I recently talked about this on the CAPUniversity blog, which has a posting to a video: http://blog.capinc.com/2010/08/virtual-components-in-the-land-of-pdm/
Here is the summary:
In the land of SolidWorks Assemblies exists a funny creature called the “Virtual Component”. Virtual components are typically used in top-down design when you need to create a new part in the context of an existing assembly. During the conceptual design process, when you frequently experiment with and make changes to the assembly structure and components, using virtual components has several advantages over the bottom-up design method as explained by the SolidWorks help system online:
Workgroup PDM will certainly let you add an assembly with a Virtual Part, but it has no means for really tracking it beyond the where used report. There is a setting to turn this on in the User Options, but selecting this option has significant performance impact. and since a virtual part is usually only used relative to one design, this setting may have a low return on investment.
Enterprise PDM actually handles these quite nicely and if a virtual component is being used, it is shown in the check in dialog box in reports as well as the BOM tab, which is really where you want it displayed.
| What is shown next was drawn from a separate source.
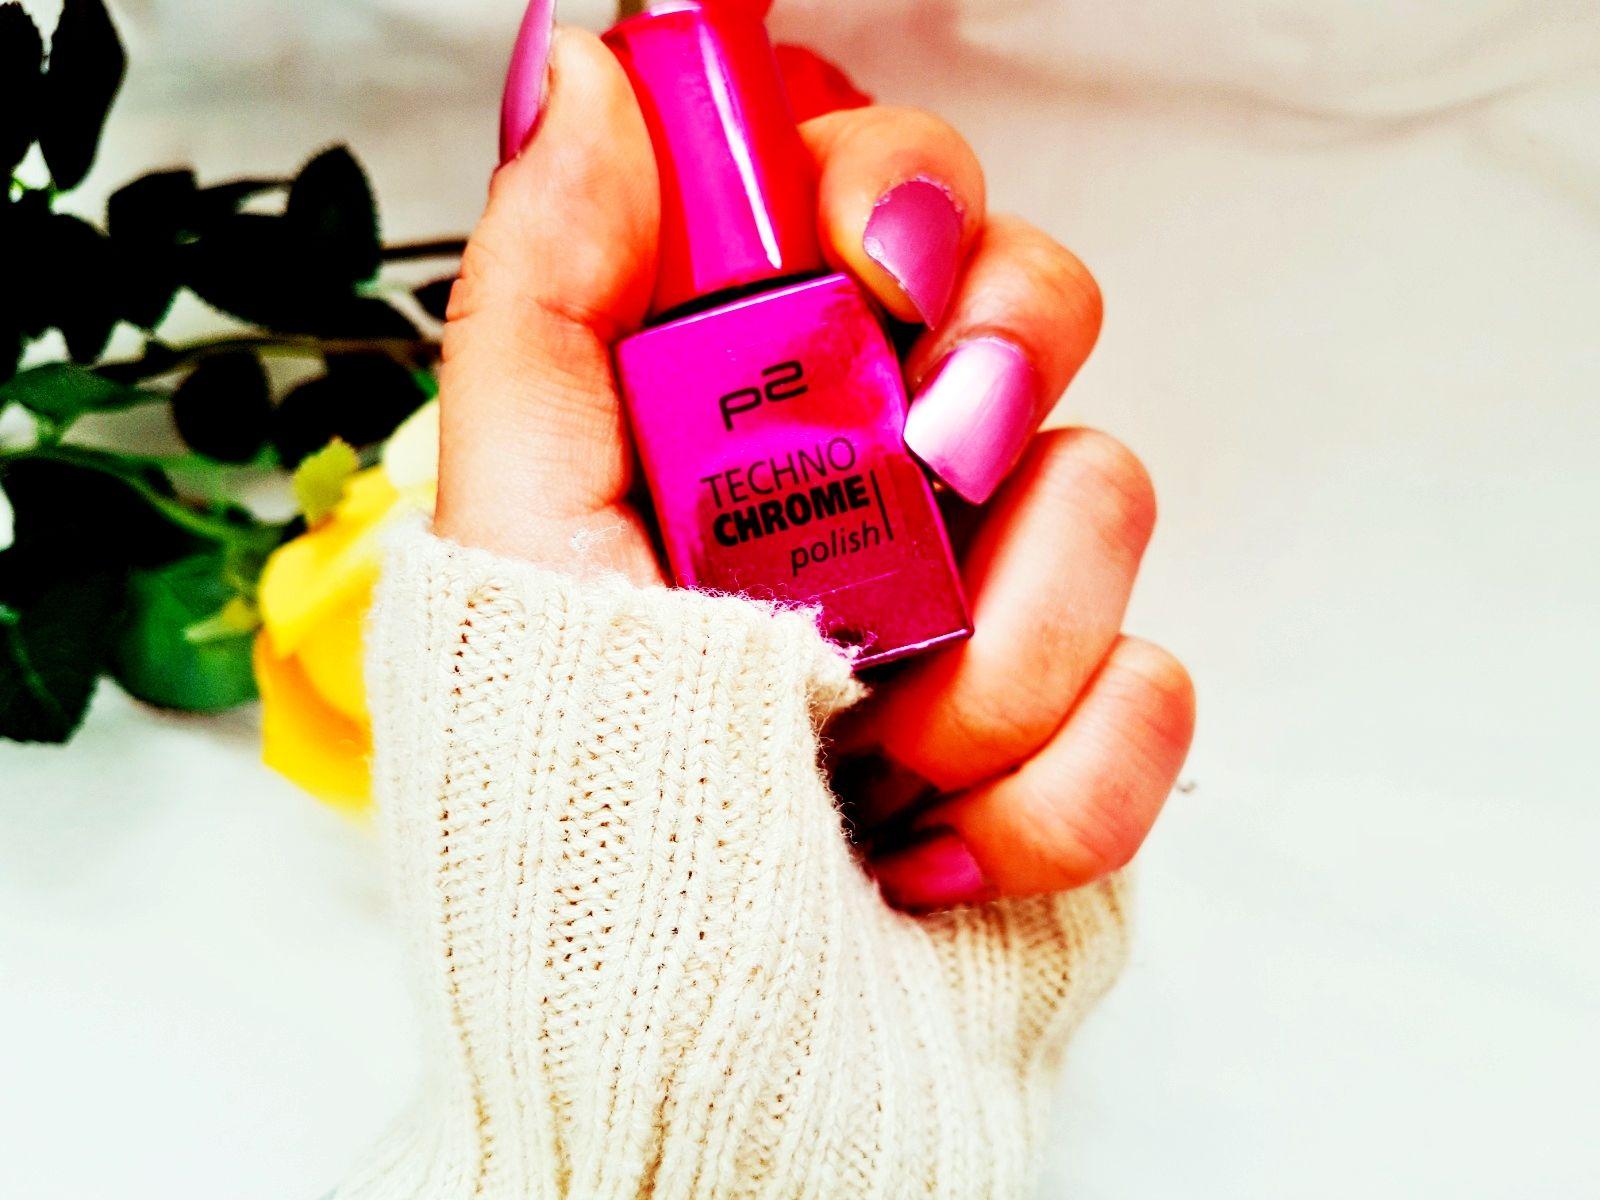 P2 cosmetics Nagellack  Techno Chrome Polish pink spark Erfahrung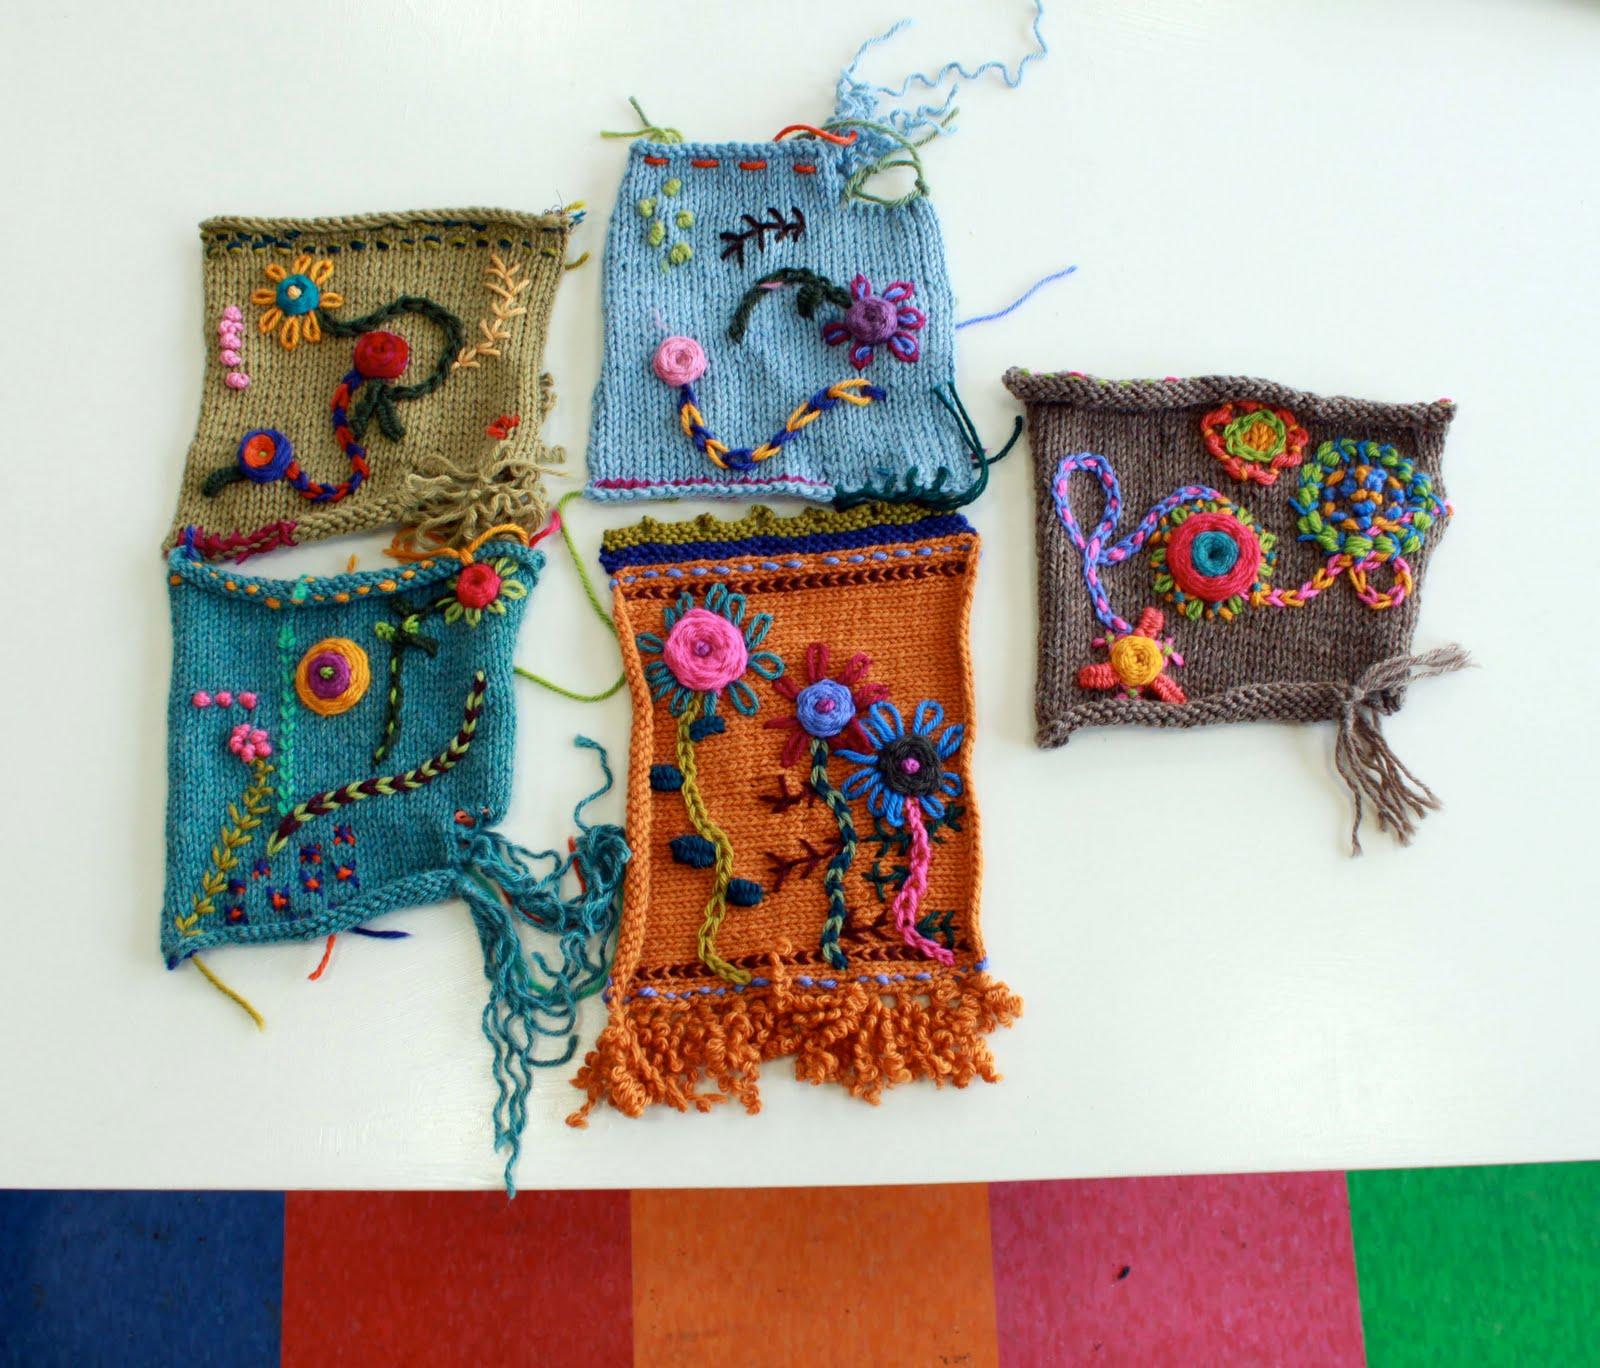 Knitting Embroidery Lessons : Kristin nicholas designs knitting patterns

This is relatively new stuff for PDM to track and I think you need EPDM 2009 or higher for this to work...
Michael,
I don't mean to hyjack the topic, but in this mothodology, are the virtual parts replaced with real parts once the design is finalized? I find it difficult to see the benifit of having parts that only exist in the parent assembly, cannot be reused elsewhere, and provide a method to get around best practices.
usually the virtual parts would get saved to an external file once they (or the assembly) is finalized. though there can be exceptions for things that don't get part numbers or whose geometry are intrinsically not re-usable. for us that covers part makings, epoxies, and wires that get bent to custom shapes for that assembly.
Jeremy
IF its any consolation, upgrading from 3.0 to 4.0 was pretty painless. We aren't using virtual parts much so I can't vouch for the fix.